"Pertama, [pemerintah] harus memberikan bantuan akses kredit bagi pelaku [usaha TPT] yang mengalami kendala finansial," kata Wijayanto kepada Bloomberg Technoz, dikutip Sabtu (26/10/2024).
Kedua, pemerintah bisa memberikan insentif pajak khusus produk tekstil yang berorientasi ekspor dan berfungsi sebagai subsitusi impor.
Ketiga, memperketat izin masuk produk tekstil dari negara lain, khususnya dari China, dengan tetap mengikuti aturan Organisasi Perdagangan Dunia atau World Trade Organization (WTO); termasuk yang dipasarkan melalui platform dagang-el.
"Keempat, mempercepat finalisasi free trade agreement dengan Uni Eropa [IEU-CEPA] dan dan dengan Amerika Serikat [US FTA], sehingga kita bisa bersaing dengan produsen tekstil dari negara lain, yang saat ini sudah meneken FTA dengan mereka; misalnya Vietnam, India, dan Bangladesh," jelasnya.

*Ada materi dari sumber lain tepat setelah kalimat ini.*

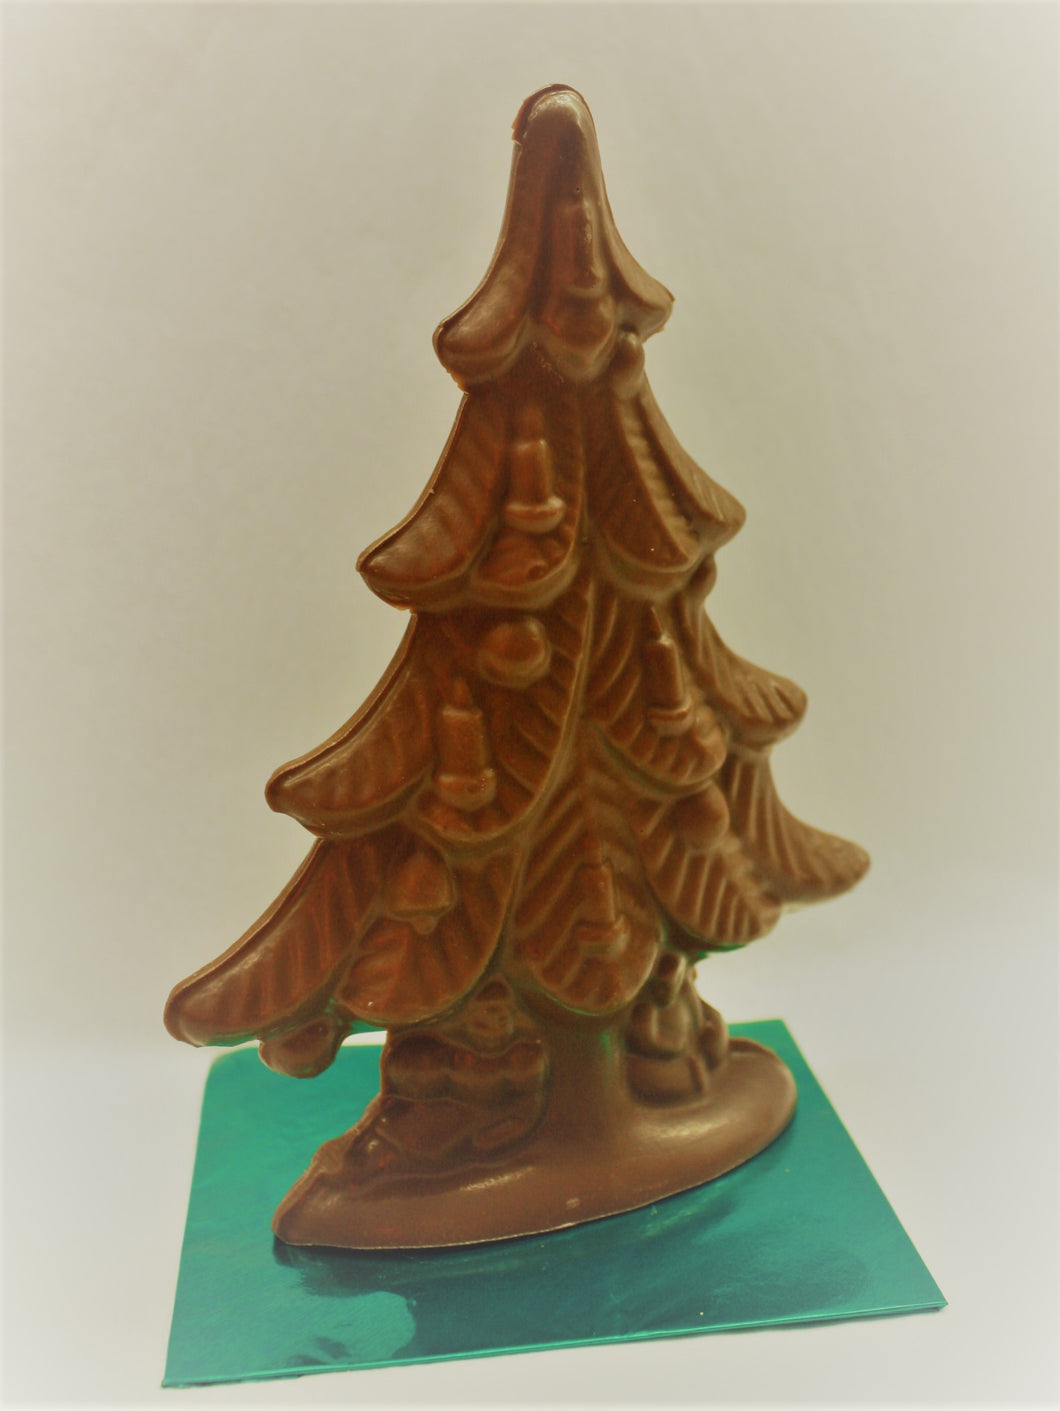 Christmas Tree - Solid - Peterson's Candies

Kelima, simplifikasi dan penurunan biaya importasi bahan baku tekstil, dan eksportasi produk tekstil.
Keenam, mengembangkan jaringan logistik yang efisien serta menghilangkan praktik premanisme dalam birokrasi yang menghambat industri.
Wijayanto menekankan bahwa tanpa langkah-langkah tersebut, sektor industri TPT yang semestinya masih berpotensi tumbuh justru bisa jatuh makin dalam.
"Perlu waktu lama untuk membangun industri tekstil. Jika gulung tikar sulit dan perlu waktu lama bagi kita untuk membangunkannya lagi, padahal sejarah membuktikan tidak ada negara dengan penduduk besar yang bisa memasuki status negara maju berpendapatan tinggi, tanpa dukungan industri manufaktur yang kuat" tegasnya.
"Jadi, jalan kita menuju Indonesia Emas, akan makin panjang dan terjal," pungkasnya.
Manufaktur Jago Kandang
Adapun, Ketua Umum Asoasiasi Pengusaha Indonesia Shinta W Kamdani menggarisbawahi kinerja manufaktur Indonesia saat ini cenderung sangat tergantung pada kinerja pasar domestik alias 'jago kandang'. Menurutnya, tidak banyak industri manufaktur lokal yang bersaing di pasar global.
Dengan situasi tersebut, Shinta berpendapat, peningkatan efisiensi beban usaha bisa dilakukan dengan berbagai cara, seperti; reformasi struktural terhadap jasa-jasa yang berhubungan dengan sektor energi, logistik dan finansial.
"Semua parameter beban [pricing, lead time, suku bunga pinjaman, dan lain-lain] harus dibuat sedekat mungkin dengan rata-rata parameter beban tersebut di antara Asean-5 [Indonesia, Malaysia, Filipina, Singapura, Thailand], ujar Shinta kepada Bloomberg Technoz, awal Oktober.
Shinta tidak menampik pelaku usaha masih bisa bernapas lega karena inflasi beban usaha yang lebih terkendali pada September. Namun, di sisi lain, pengusaha juga sangat khawatir terhadap konsumsi atau permintaan pasar domestik yang masih terus rendah atau sluggish.
Tak luput, Shinta juga mendesak pemerintah untuk serius membantu memberdayakan industri dalam negeri dalam menciptakan lebih banyak industri manufaktur yang berorientasi ekspor.
Hal ini bisa dilakukan dengan membantu adopsi teknologi manufaktur baru yang lebih efisien, ramah lingkungan untuk meningkatkan produktivitas industri nasional dengan beban usaha yang lebih rendah dan daya saing di pasar global yang baik.
Selanjutnya, pemerintah juga bisa membantu dengan memfasilitasi rantai pasok yang bersih atau green supply chain di Indonesia agar produksi industri manufaktur nasional mendapatkan prioritas oleh pasar global dan memenuhi persyaratan pasar dari negara-negara yang mengembangkan berbagai aturan impor berdasarkan isu keberlanjutan atau sustainability.
Pada saat yang sama, kata Shinta, diperlukan juga pengembangan dan pemberdayaan terhadap industri kecil menengah (IKM) yang berorientasi pada penciptaan rantai pasok domestik yang lebih kuat dan lebih efisien.
"Dengan demikian, usaha mikro, kecil dan menengah [UMKM] dan IKM nasional dapat turut berpartisipasi dalam peningkatan kinerja industri nasional sebagai bagian dari supply chain industri, termasuk industri manufaktur yang berorientasi ekspor," tuturnya.